--- DATA BELOW ---

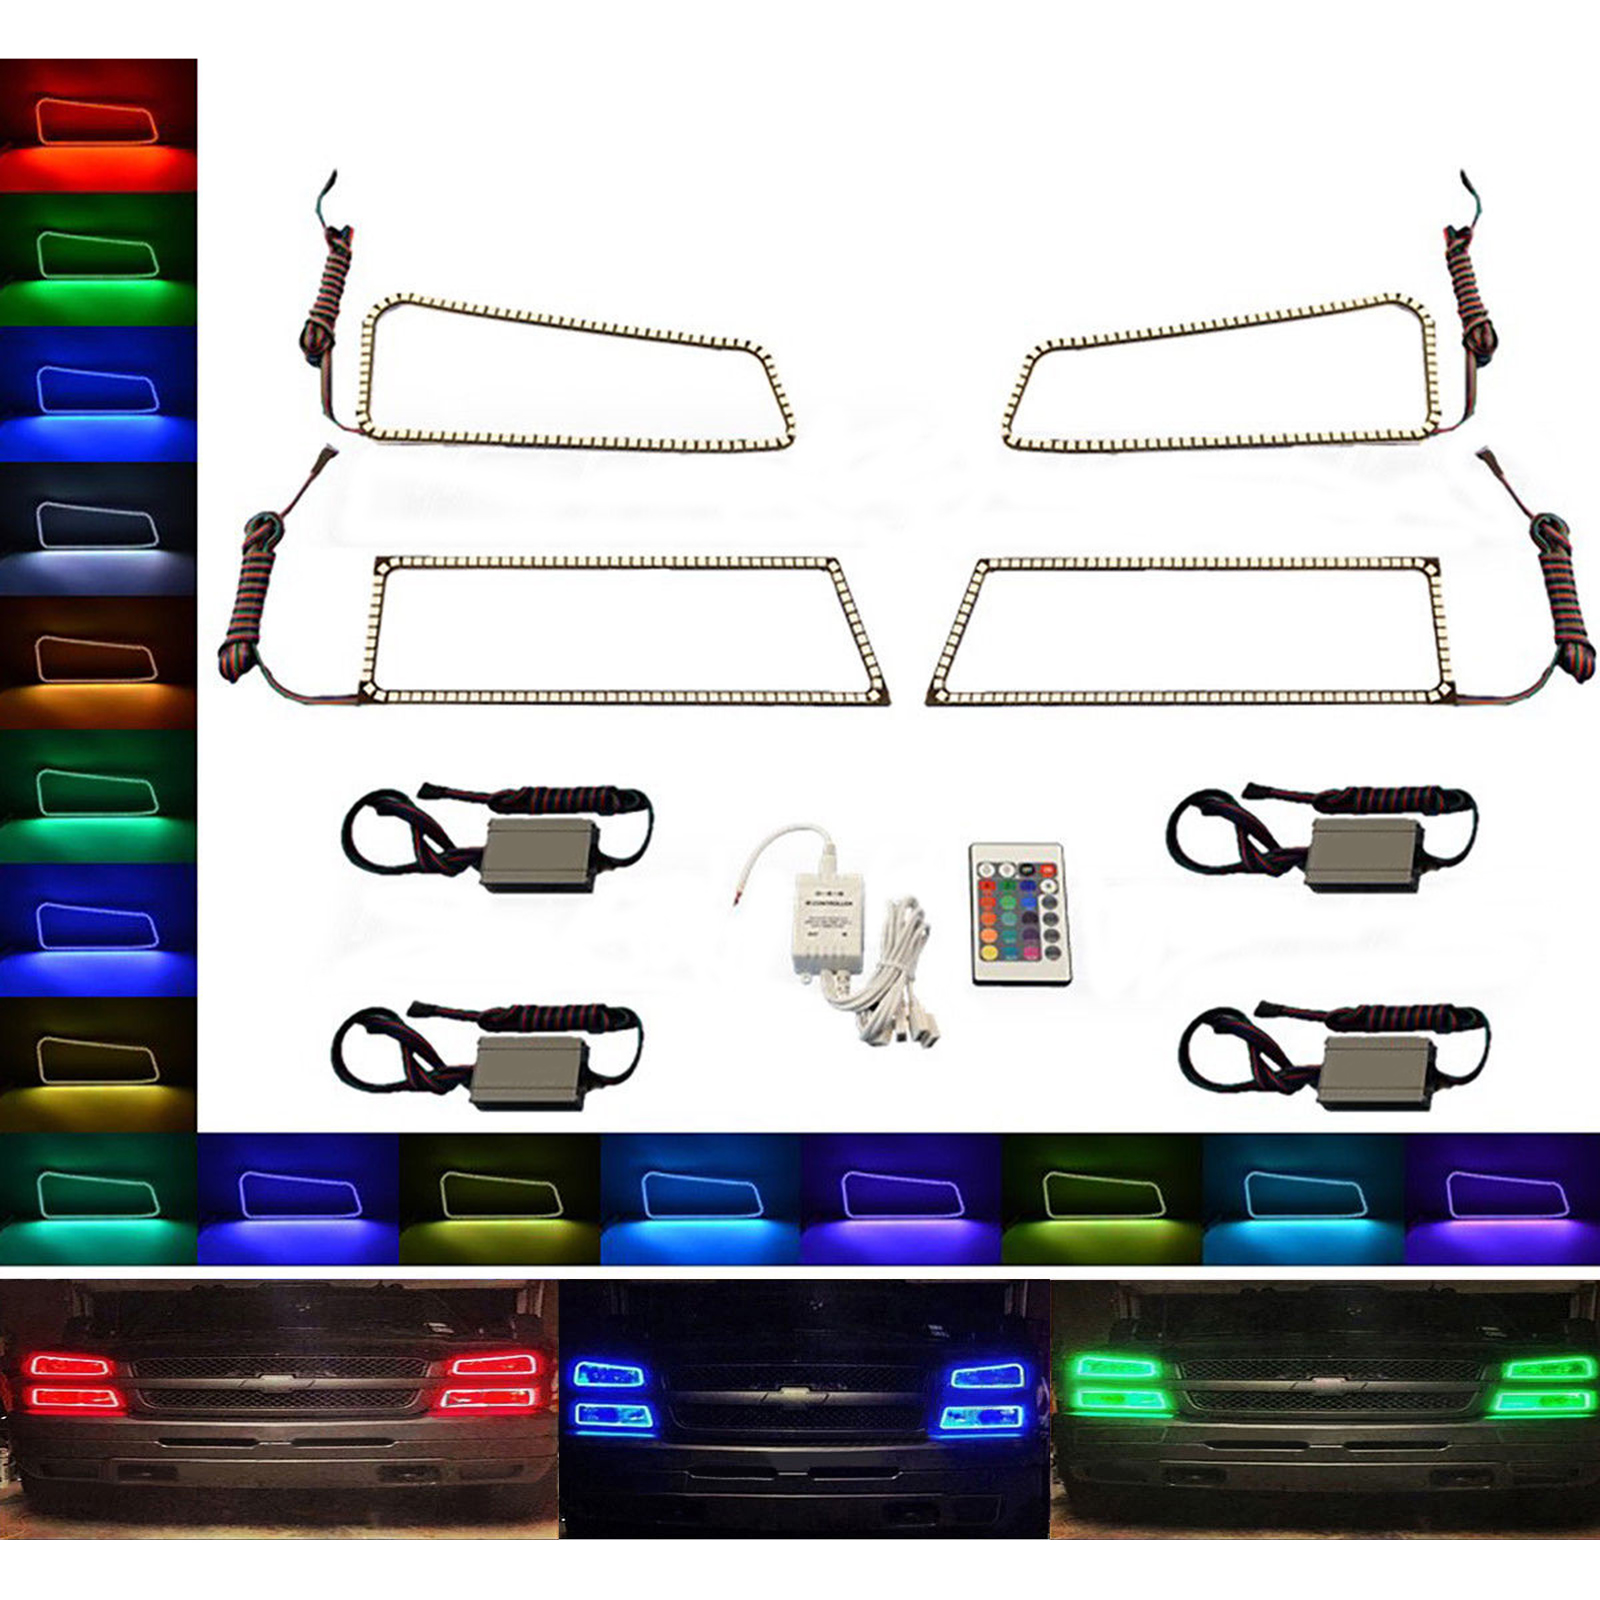 Download LED Headlight Halo Ring RGB Multi-Color Kit for Chevrolet Avalanche 03-06 Vintage Car & Truck ...
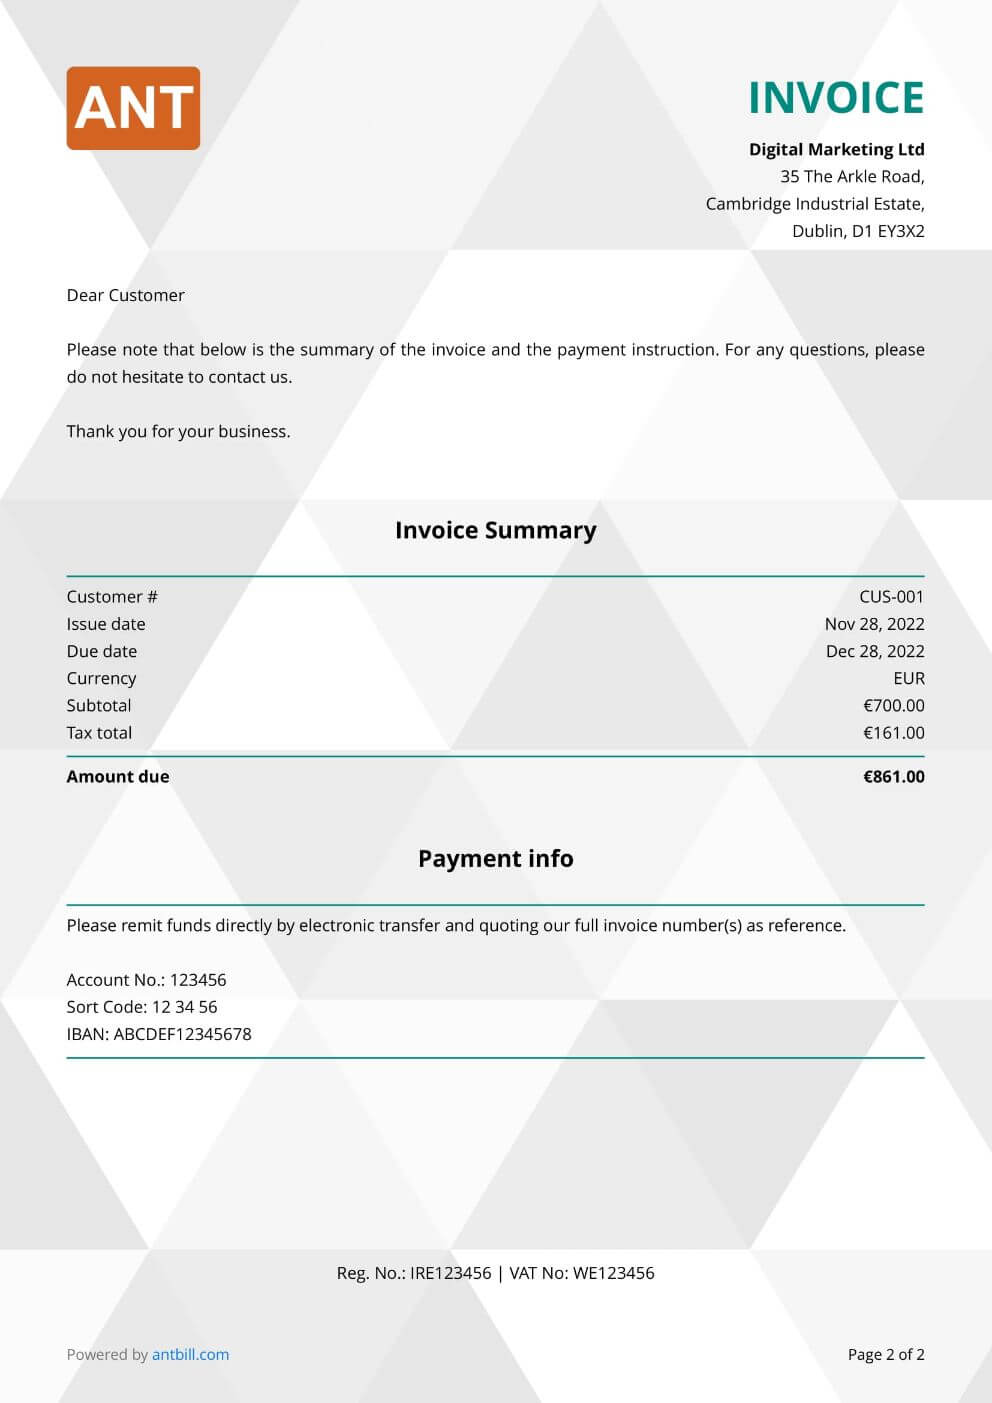 IT Services Invoice Template - modern
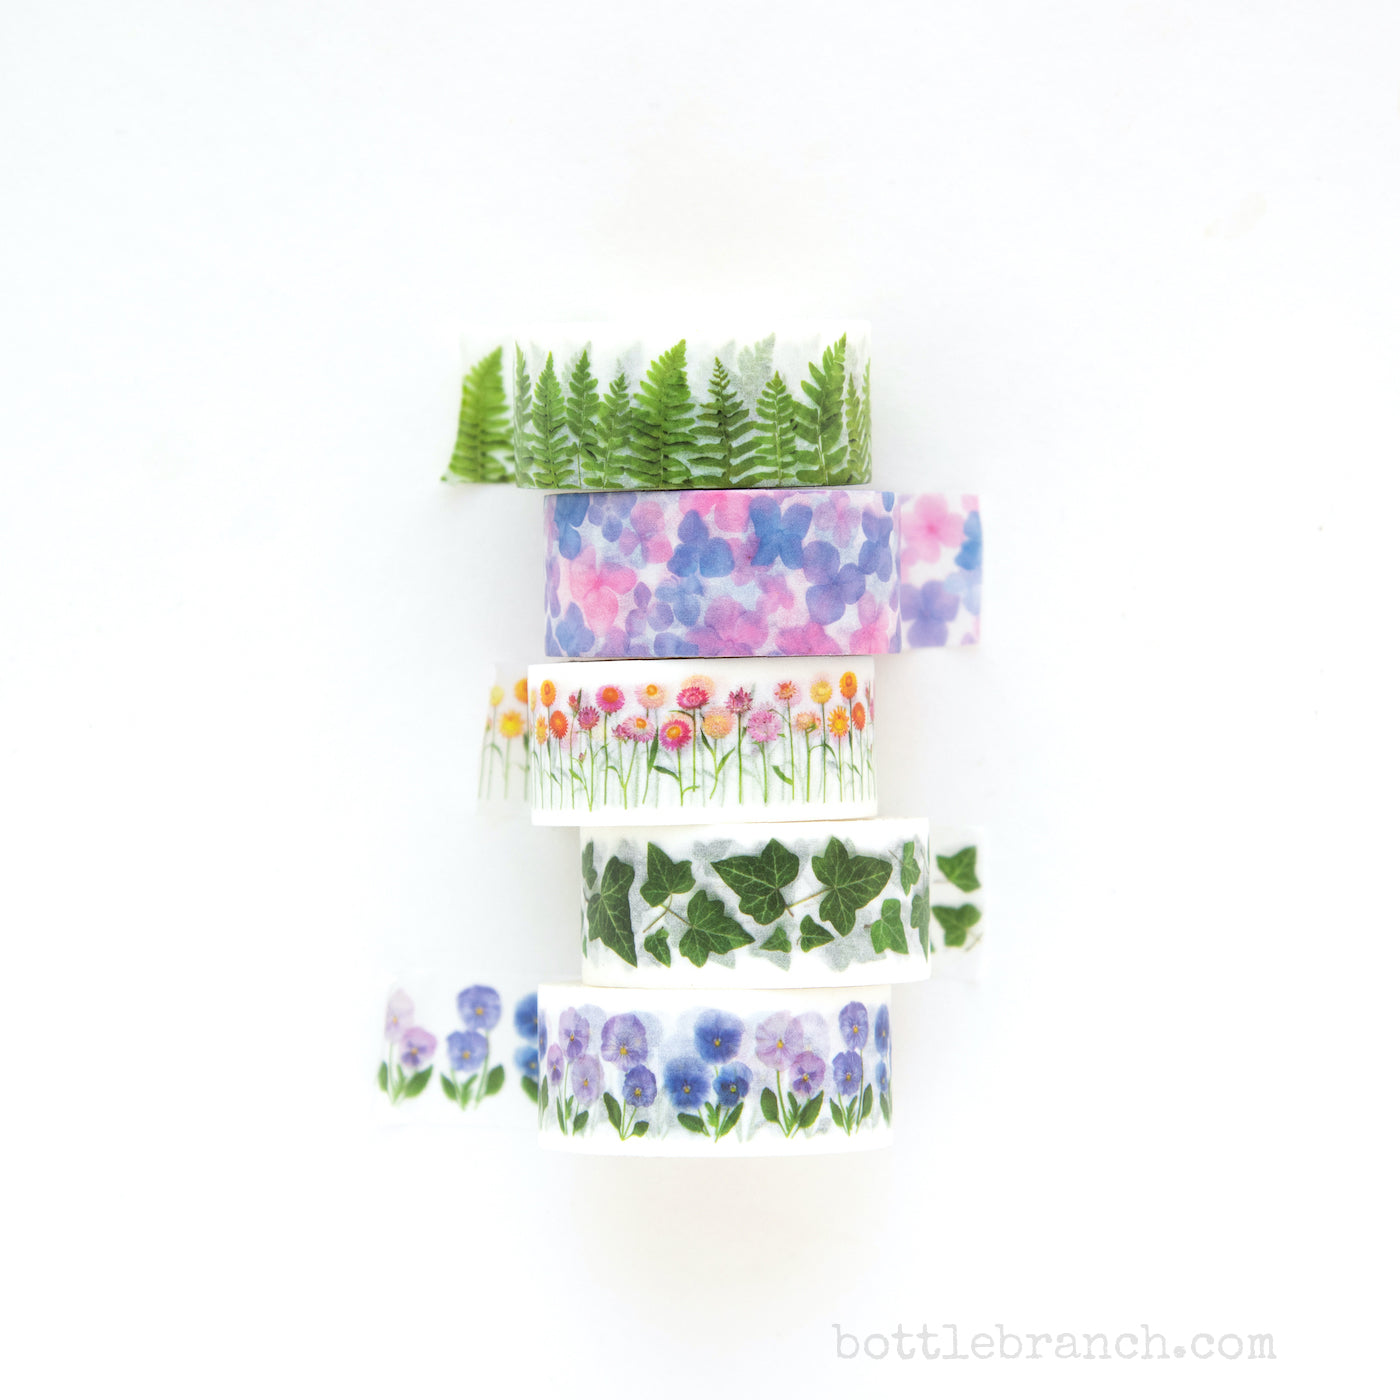 all bottle branch washi flowers and leaves
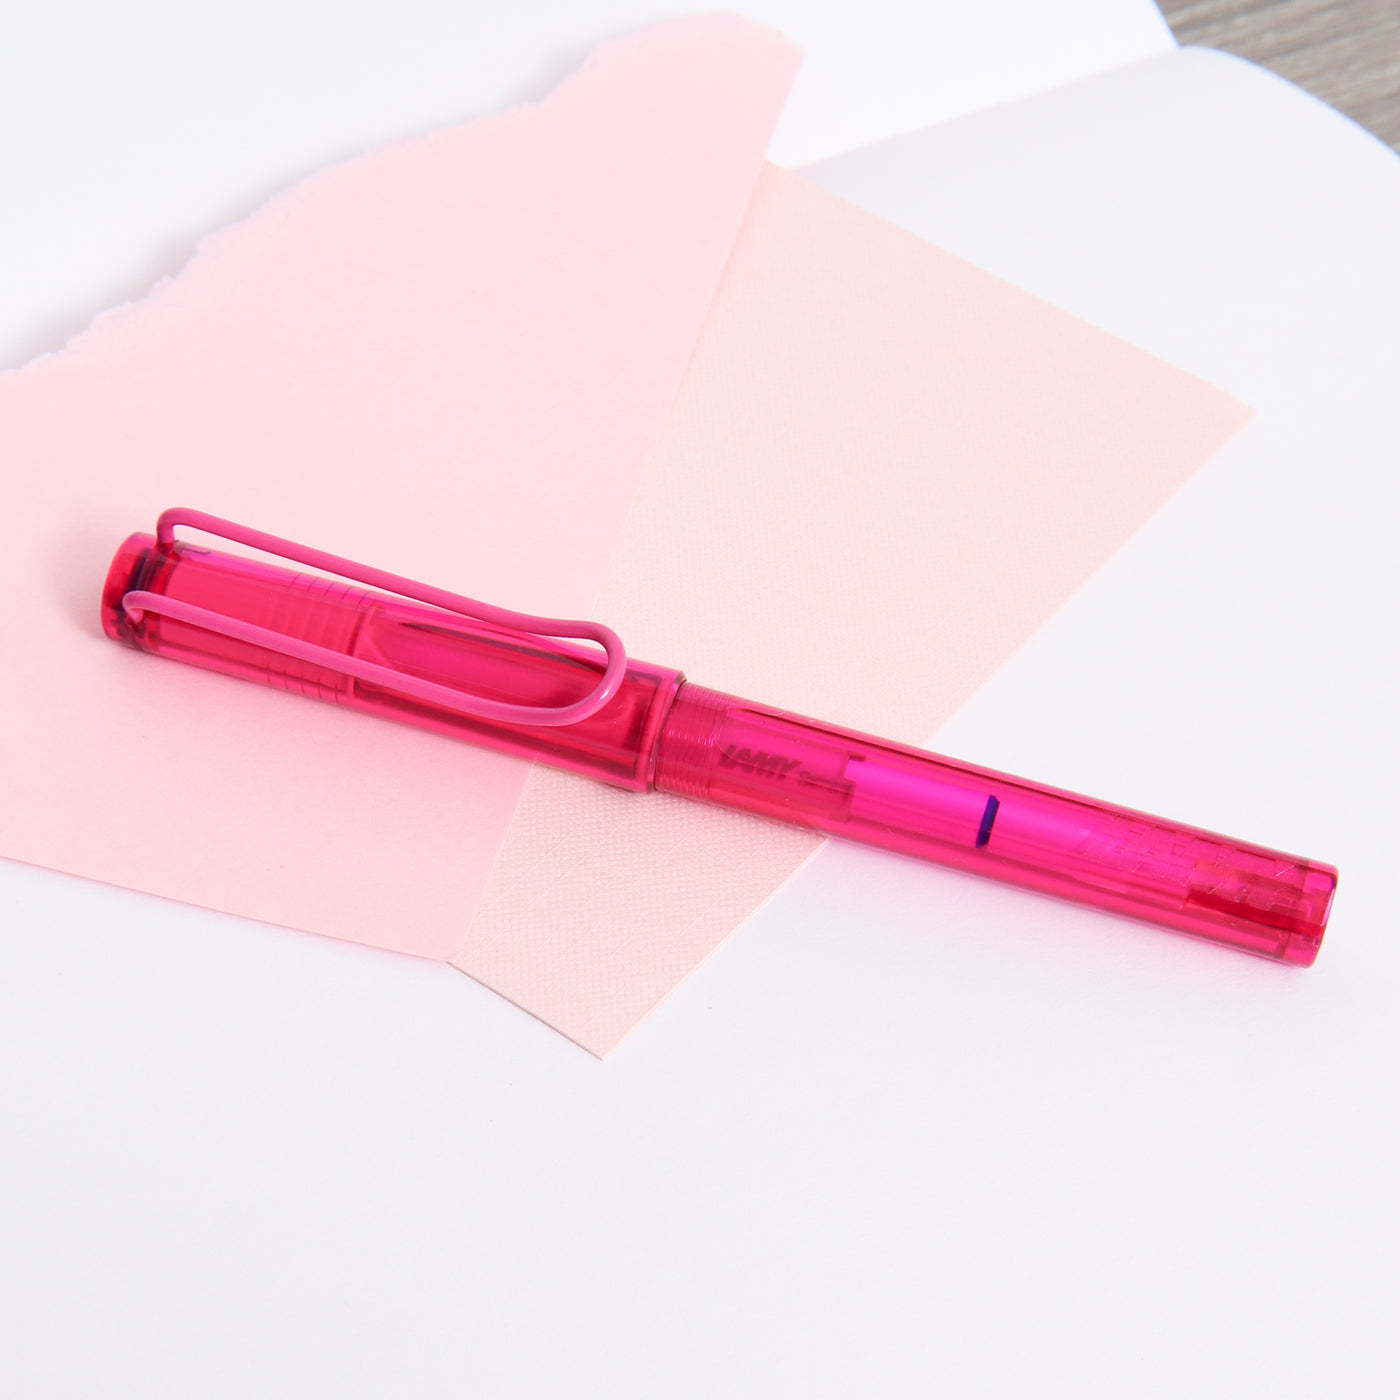 LAMY Balloon Rollerball Pen Pink Capped

---

## WHAT TO WORK ON
Take the line containing "all bottle branch washi flowers and leaves" through the last line of the material and retype exactly those lines, both ends included, with no pictures.

## TASK ANSWER
 all bottle branch washi flowers and leaves
 LAMY Balloon Rollerball Pen Pink Capped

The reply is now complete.